Let Go and Let God

I don’t often venture into the realm of politics or religion on the blog, but I’m going to break my rule today.

As most of you know, I’ve been going through a divorce for the past eighteen months. It’s been, to say the least, bizarre.

I had planned on moving to Oklahoma nearer my middle son and his family. Being involved with part of my family would be great, though I would most likely not be around them all the time. They need their space and I enjoy being alone.

Interesting things to do in Oklahoma. I had a job offer in Norman.

There is real grass and trees there.

Mostly, even a modest settlement would allow me to pay off my bills and move on with my life.

I planned to eventually get another horse and maybe start roping with Aly, my daughter-in-law.

Things have taken yet another odd twist and all that may be out the window.

I know God has a plan for me and it’s better than the one I may have dreamed up. If you are a believer, I’d like you to join me in a prayer for me to stay in God’s will and live out His plan. I have a very bad habit of wanting to fiddle with things when He is working, much like a two-year-old insisting on dressing themselves and getting everything wrong. In this case, I really think I need to let go and let God.

I know the plans I have for you, plans for good and not evil.

Thanks, back to our regularly scheduled programming.

12 Comments

  1. Oh, Julie,
    I’m so sorry. Give God the freedom to work in your life before he gives you a distraction. You are in my prayers. I can’t wait until we hear what God’s plans are for you. All for your good and His glory.

  2. I’m fairly new to your blog, and I want you to know that I love it! I also love how you’re not afraid to be honest and personal with your readers.

    God’s way of getting us from point A to point B is not always a direct line, and that’s so hard for us to understand and allow. He honestly knows what He wants for you and how best to get you there, even if you can’t see it or understand His process. He loves you so much and has only the best laid plans for you.

    From one “fiddler” to another, I’m praying for you and for your journey to the other side of disappointment.

    XOXO

  3. CJ, thank you so much.

    I confess I have wasted a lot of tears the past few days.
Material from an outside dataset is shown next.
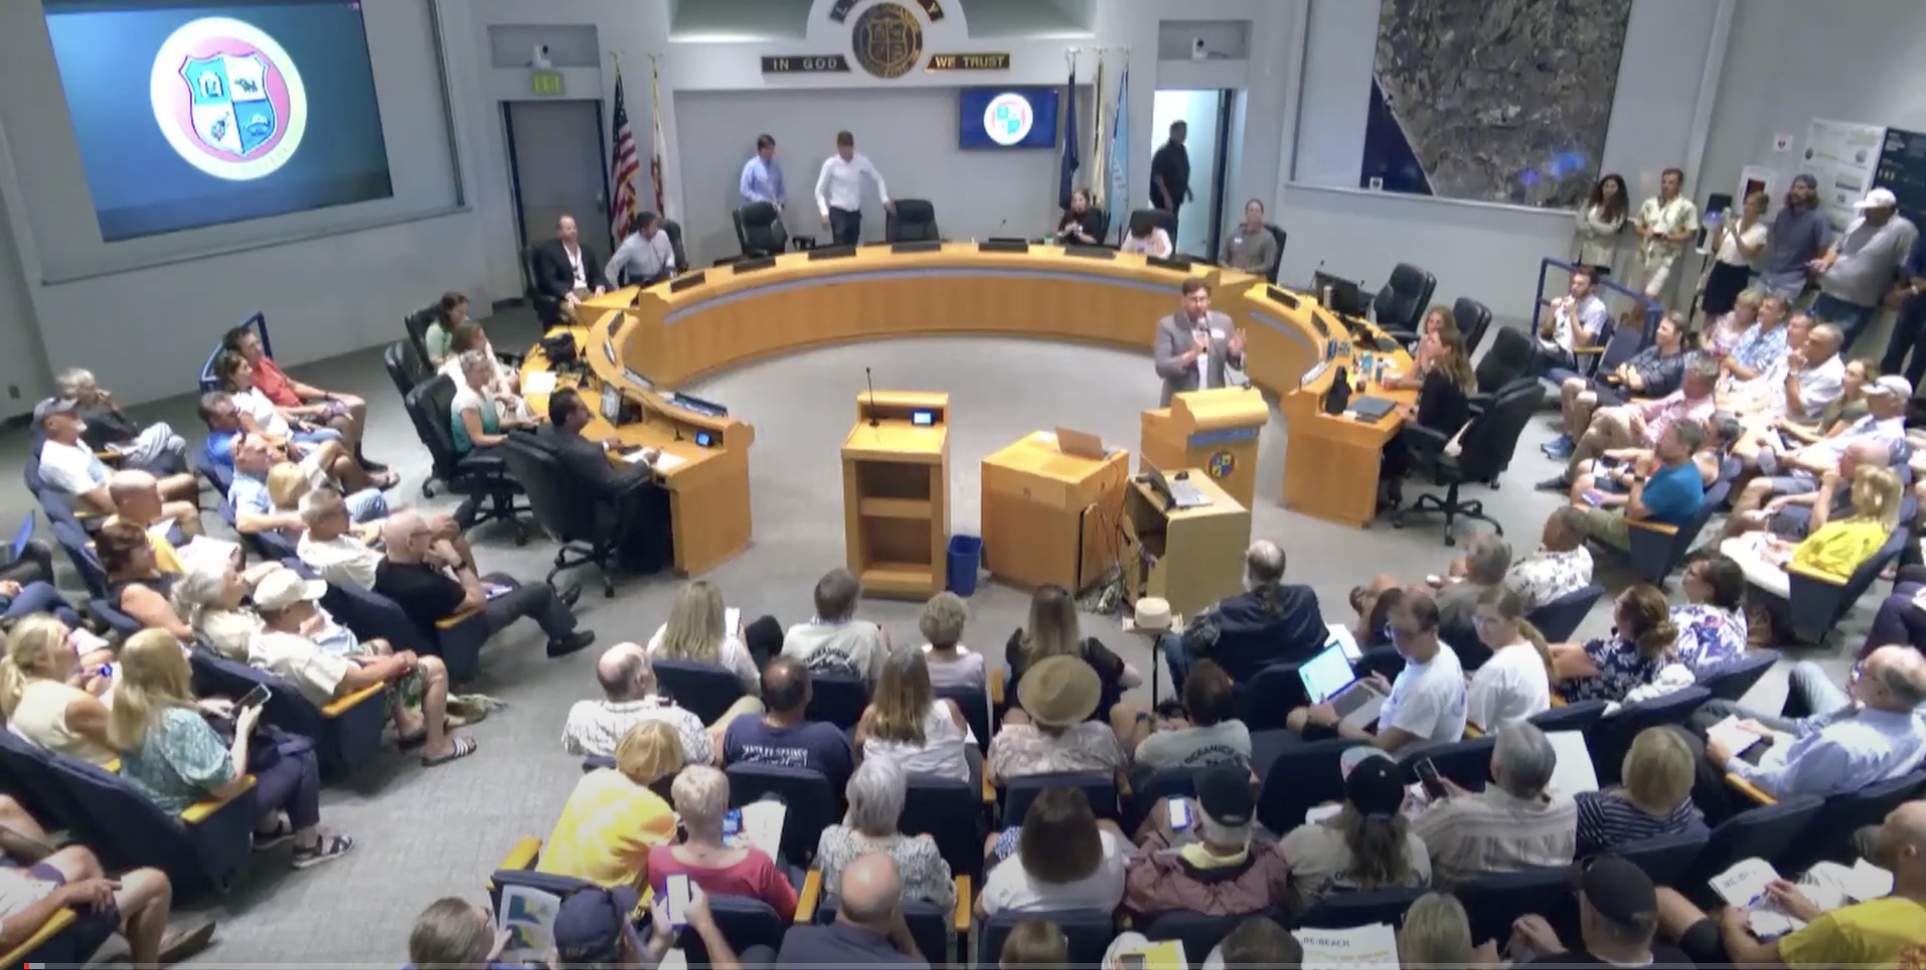 Attendees packed the city council chambers

Fortunately, I have a “two minutes to cry,” rule. I can cry and sob all I want for two minutes and then I have to wash my face and get back to work.

    It will all work out for the best. I just need to keep my fingers out of the plan.

    Hugs

    Julie

  4. Justus, it’s been very bizarre. I am glad to have it coming to a close, but I had hoped for something better. I know my lawyer is sick of messing with it and it needs to be closed.

    Just need to keep my head down and stay in prayer about it.